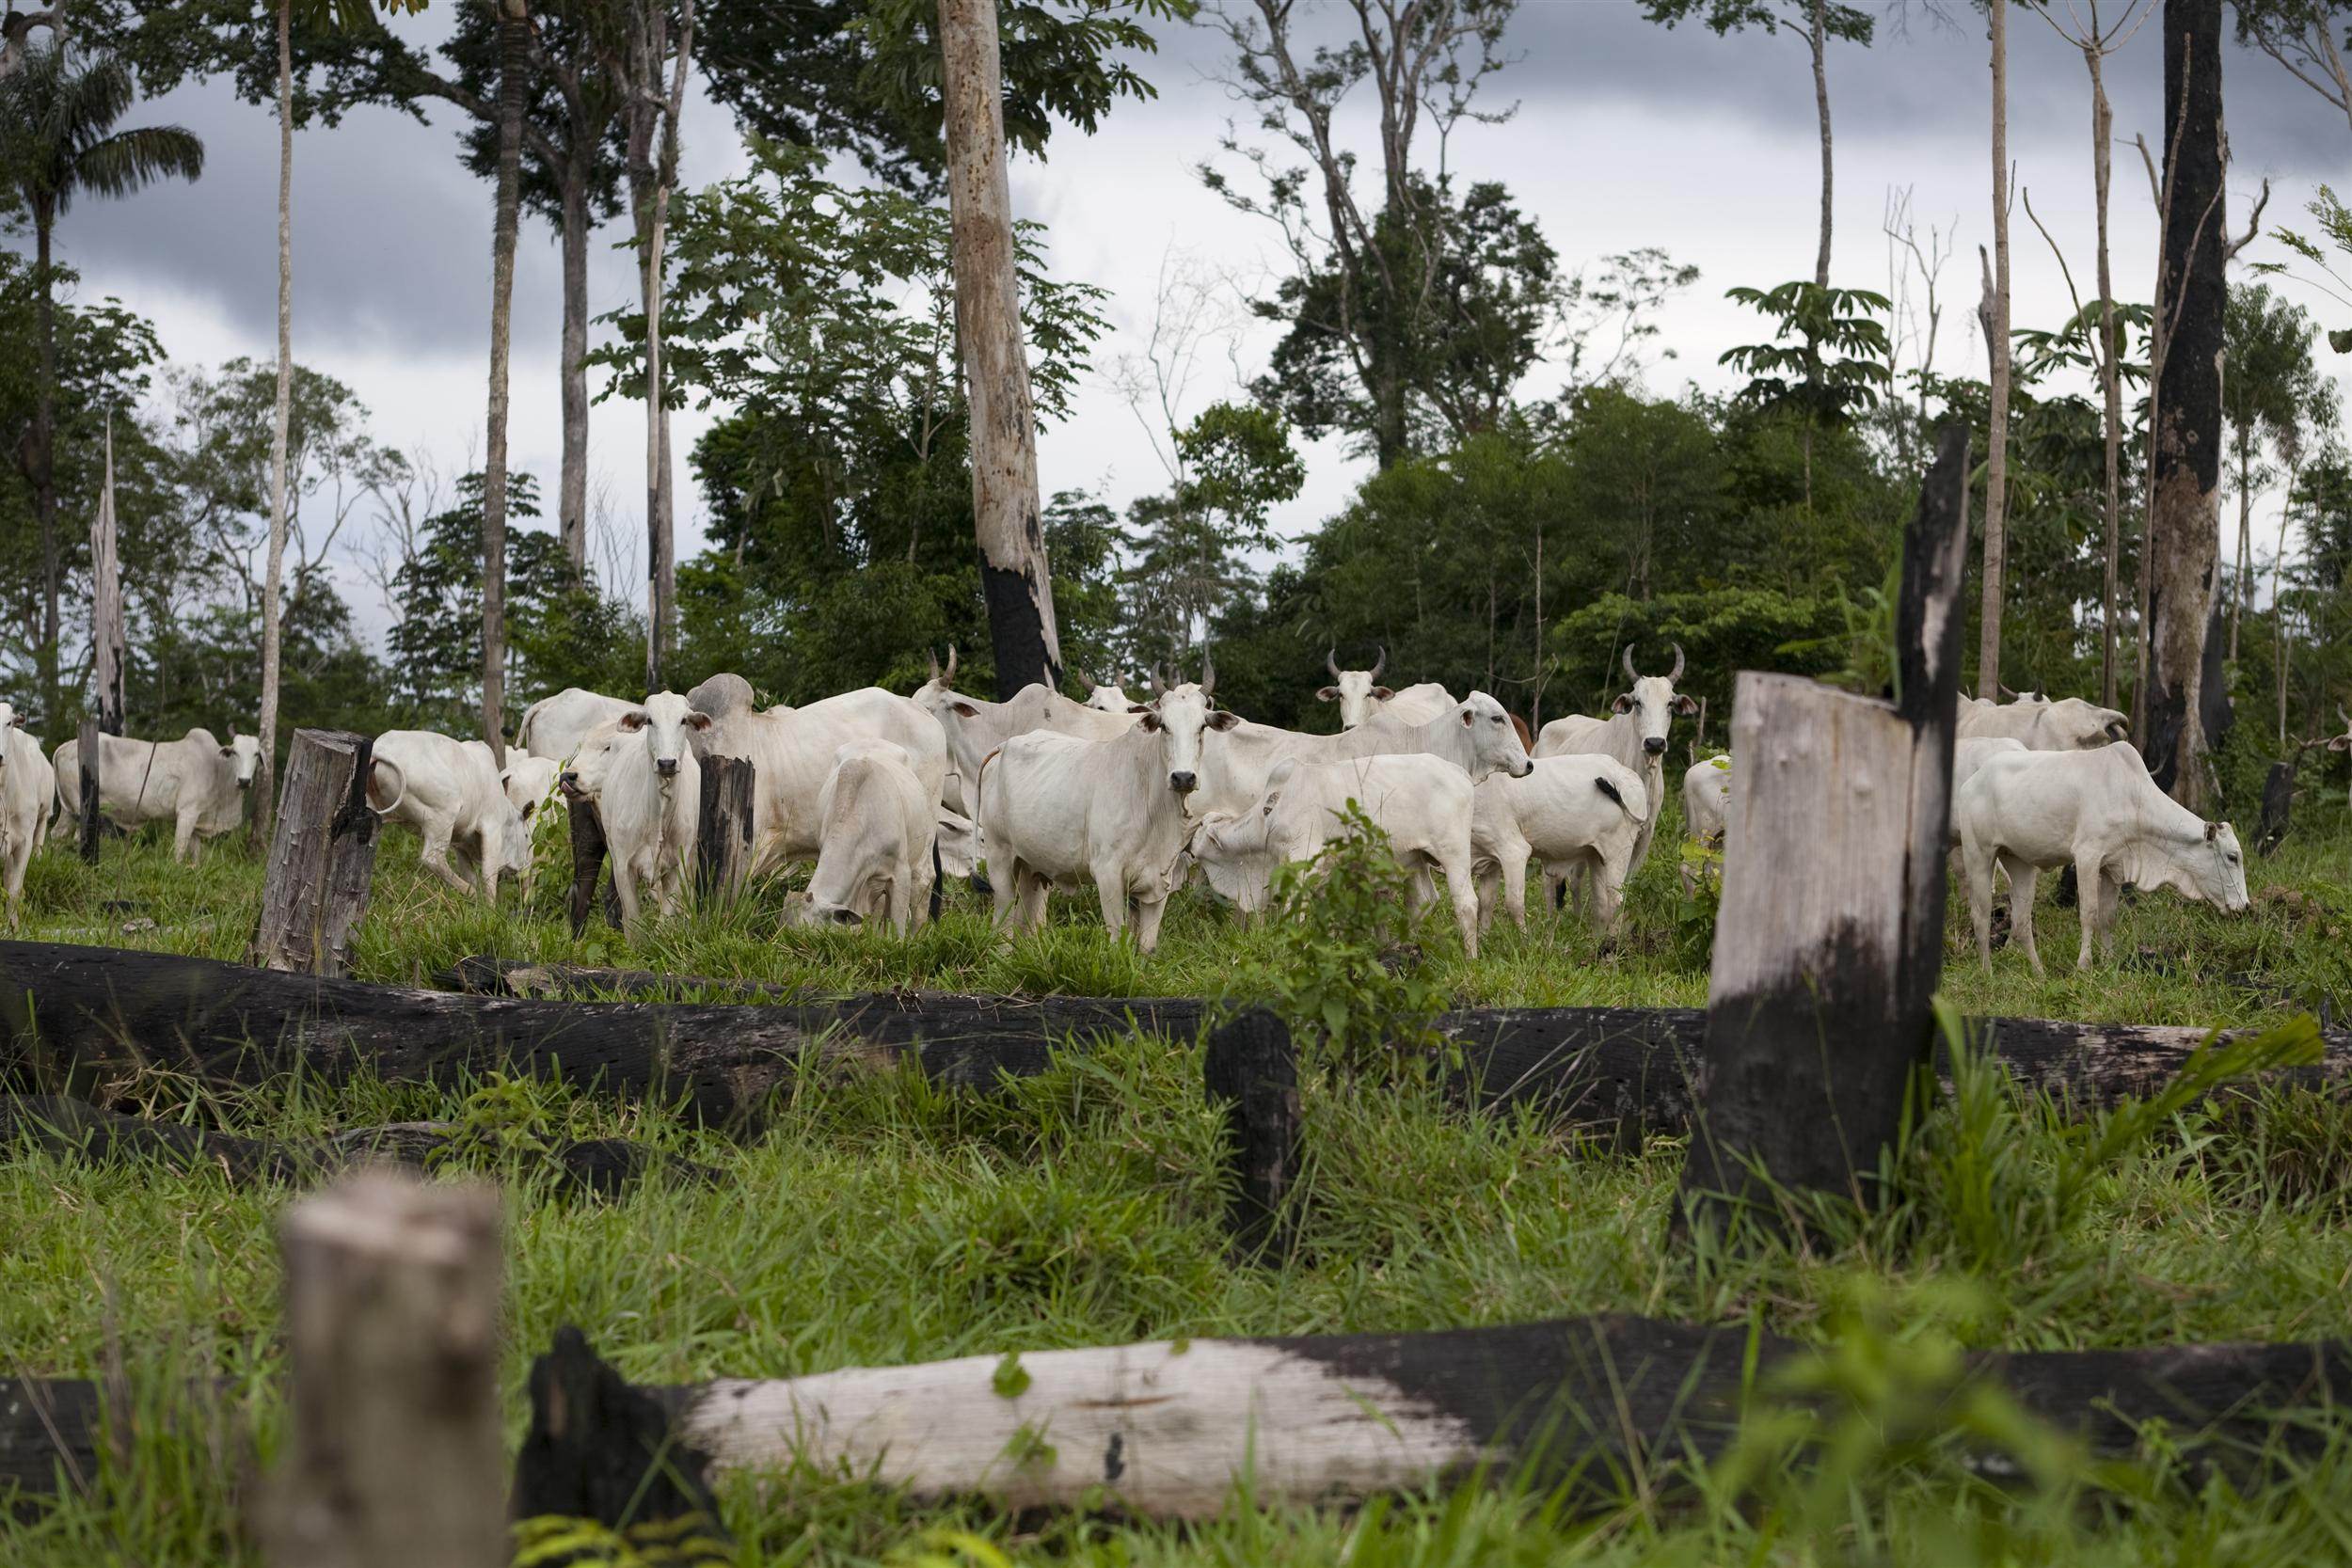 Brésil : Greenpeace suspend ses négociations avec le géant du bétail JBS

==

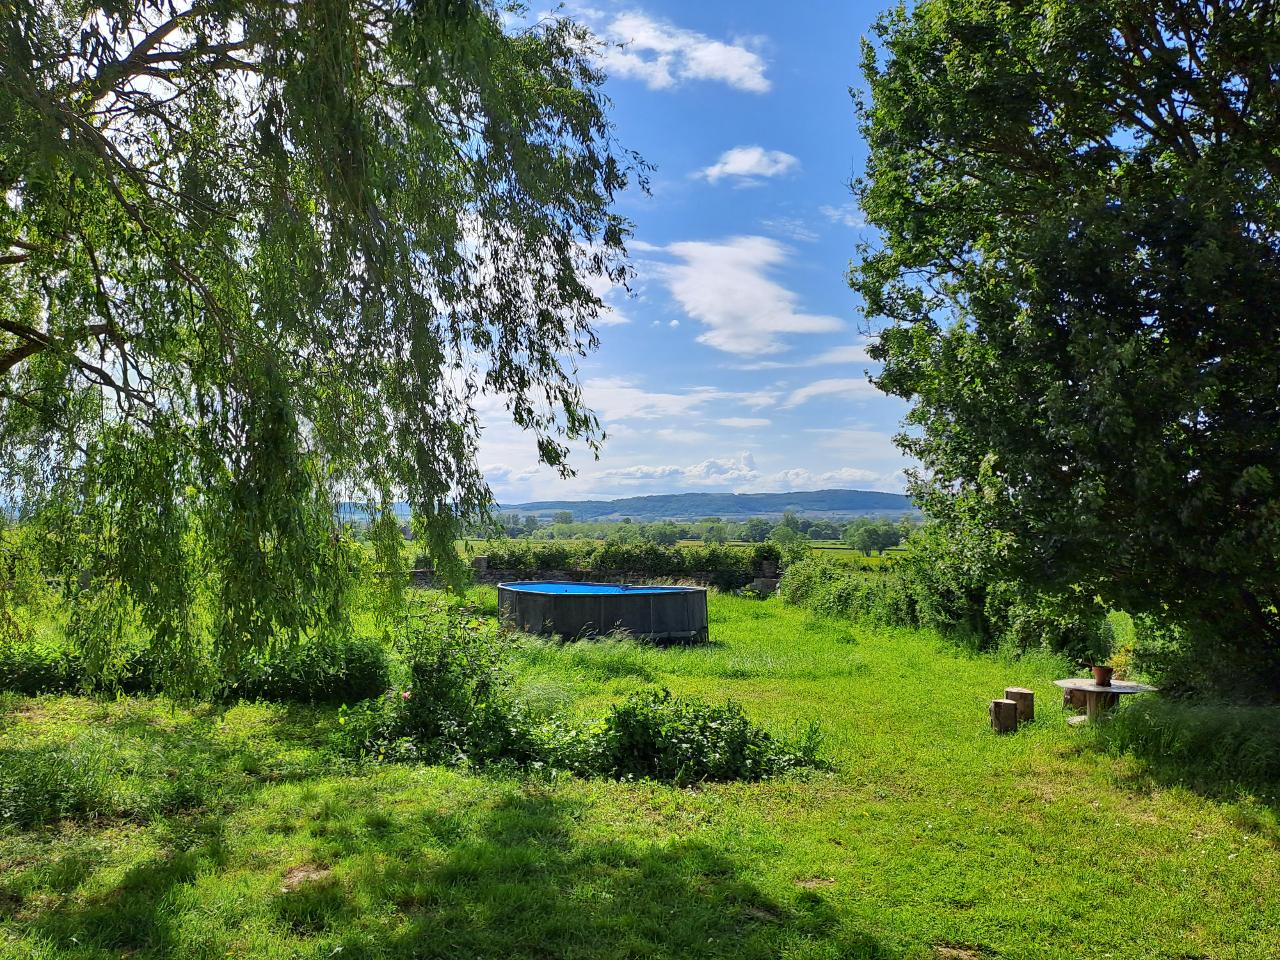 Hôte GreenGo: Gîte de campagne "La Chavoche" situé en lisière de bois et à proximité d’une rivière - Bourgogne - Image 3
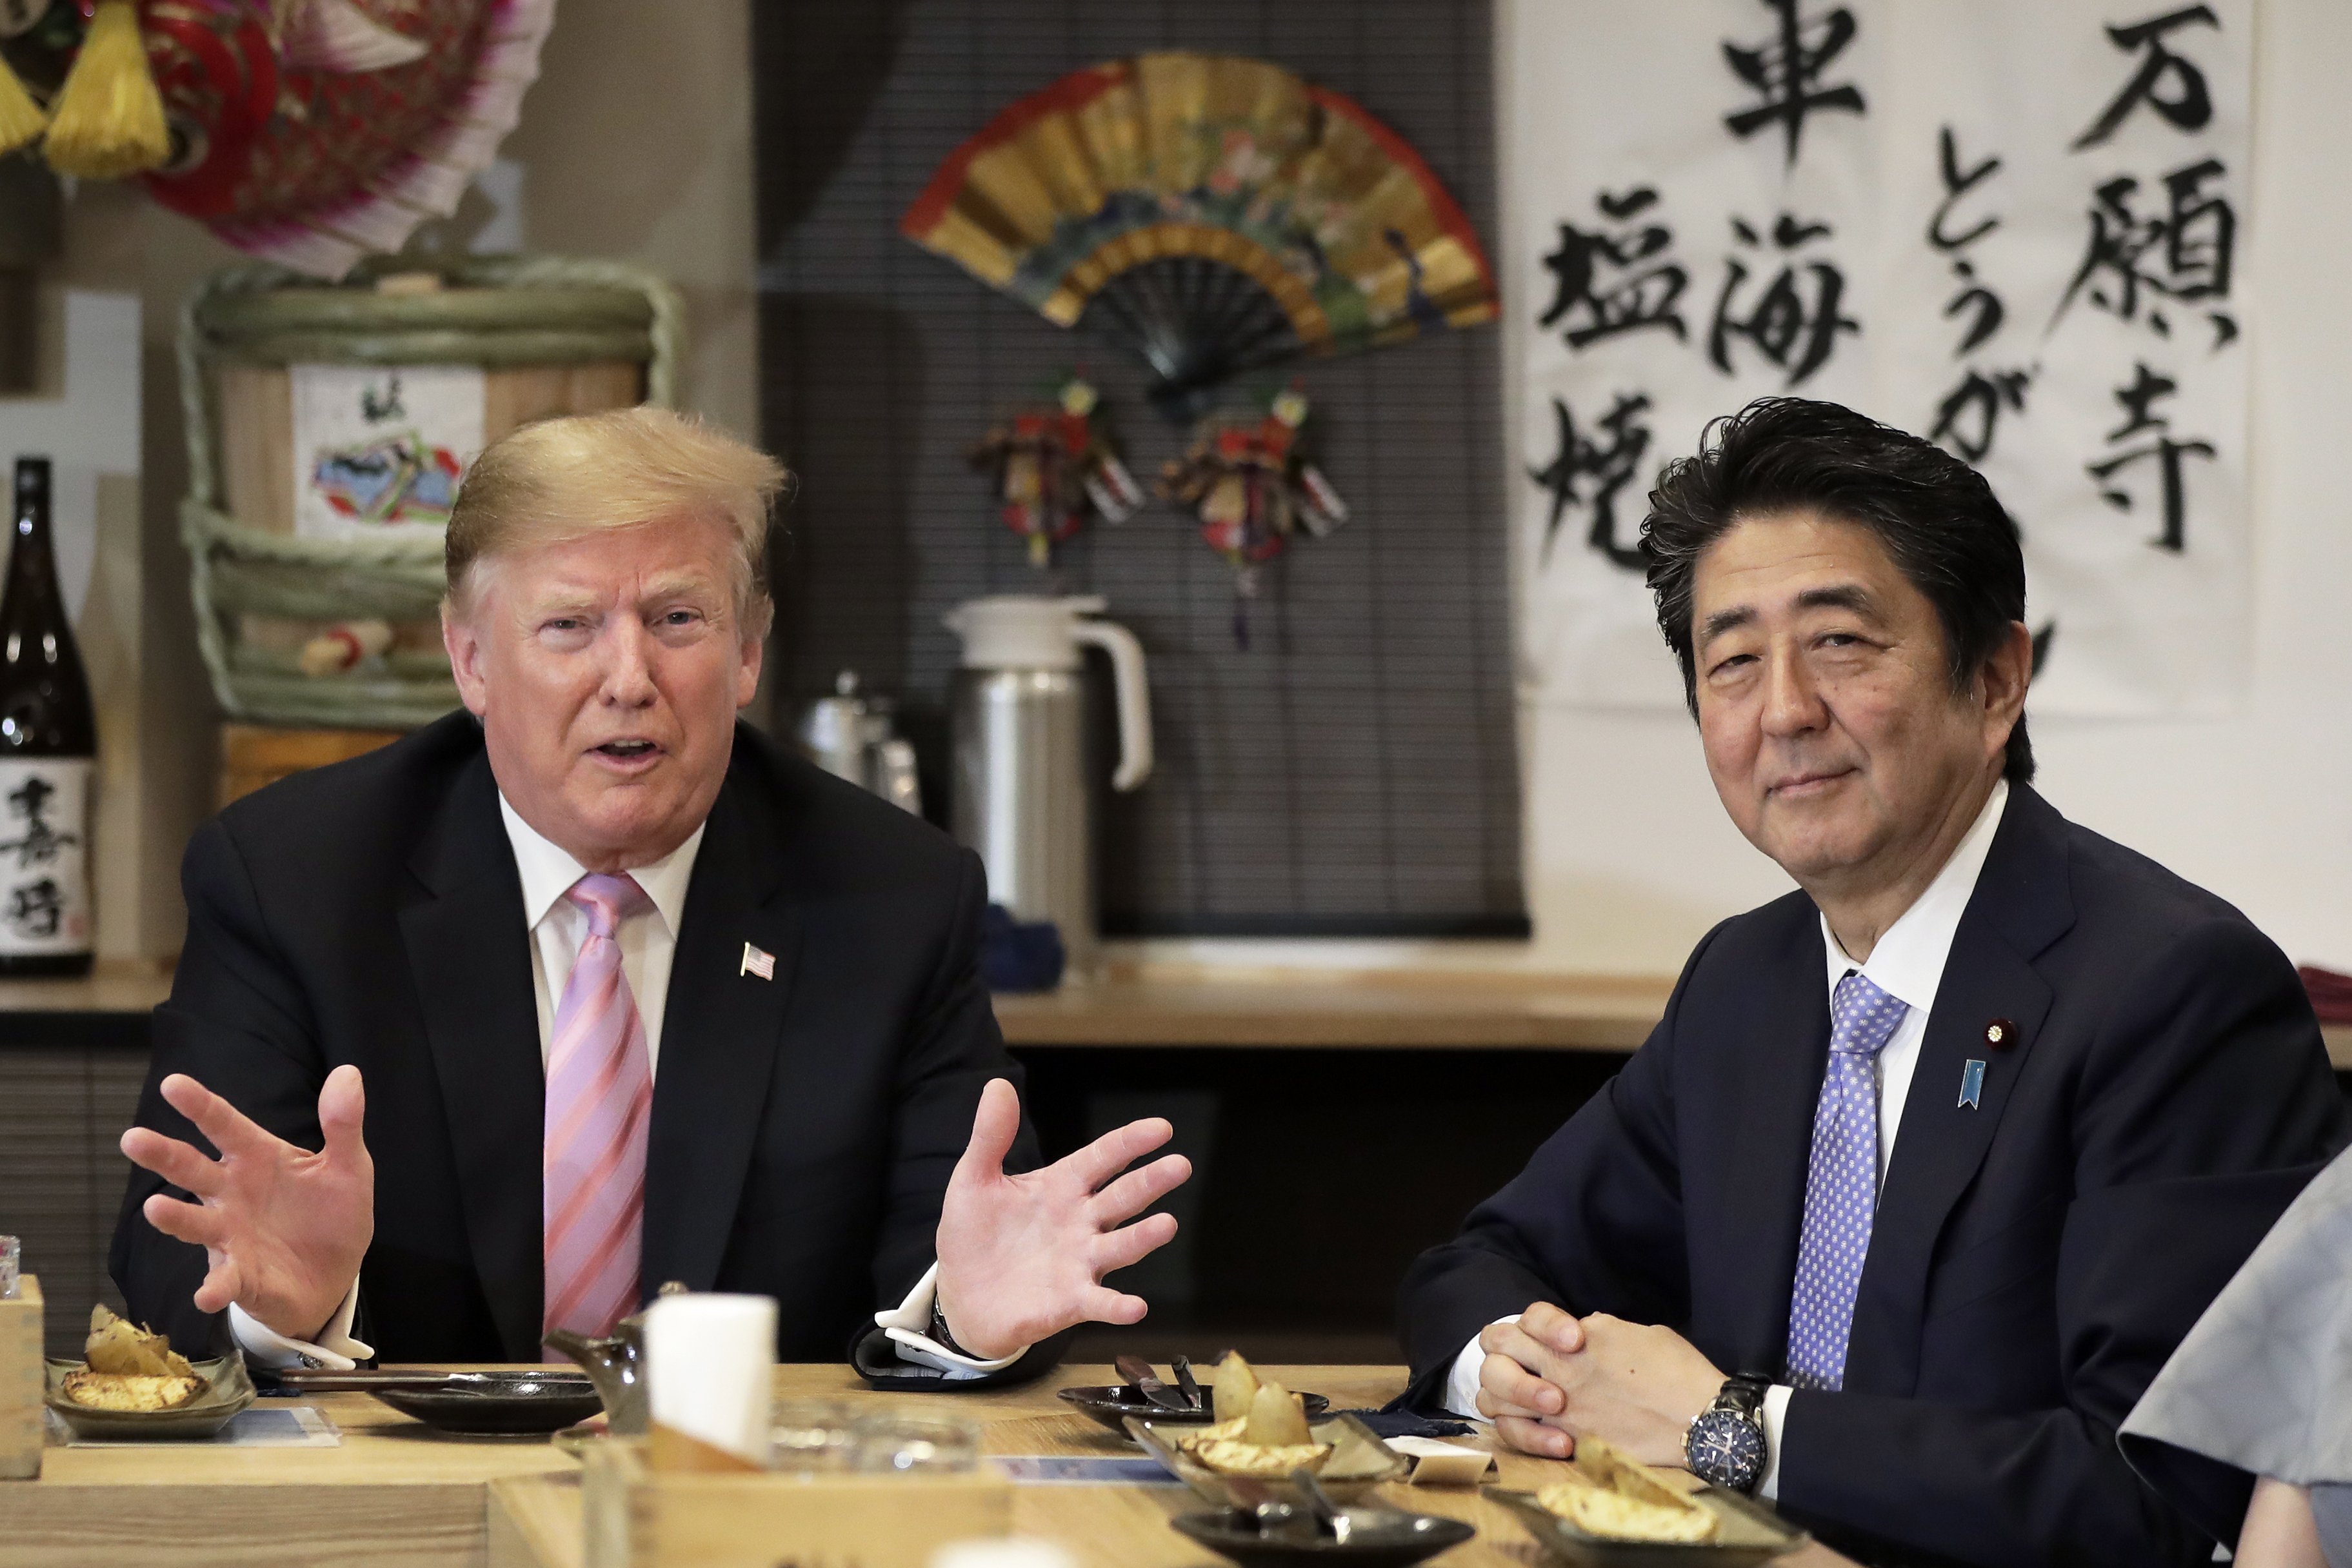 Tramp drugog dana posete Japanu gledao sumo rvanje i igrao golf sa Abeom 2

* * *

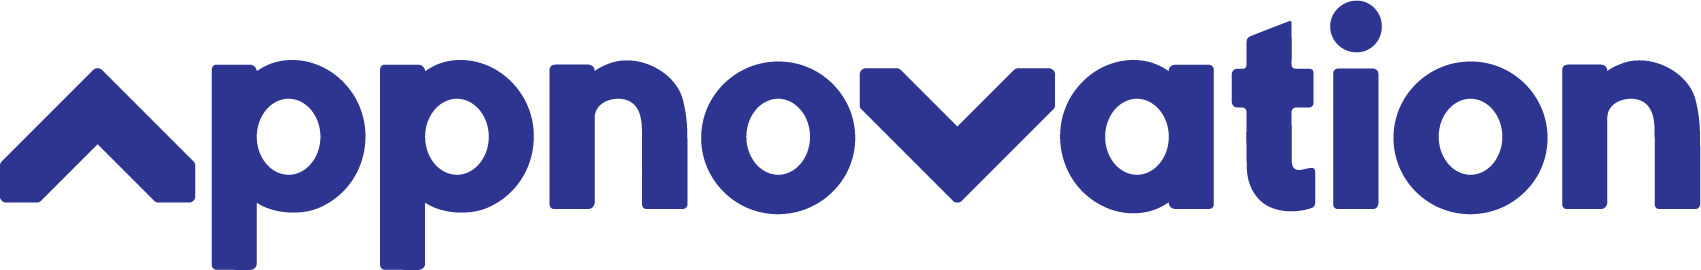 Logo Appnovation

# What to do:
Reproduce, exactly and only, the lines of the records above starting at the line with "Hôte GreenGo: Gîte" and ending at the line with "Tramp drugog dana", both included. Leave every picture out.

# Response to this exercise:
 Hôte GreenGo: Gîte de campagne "La Chavoche" situé en lisière de bois et à proximité d’une rivière - Bourgogne - Image 3
 Tramp drugog dana posete Japanu gledao sumo rvanje i igrao golf sa Abeom 2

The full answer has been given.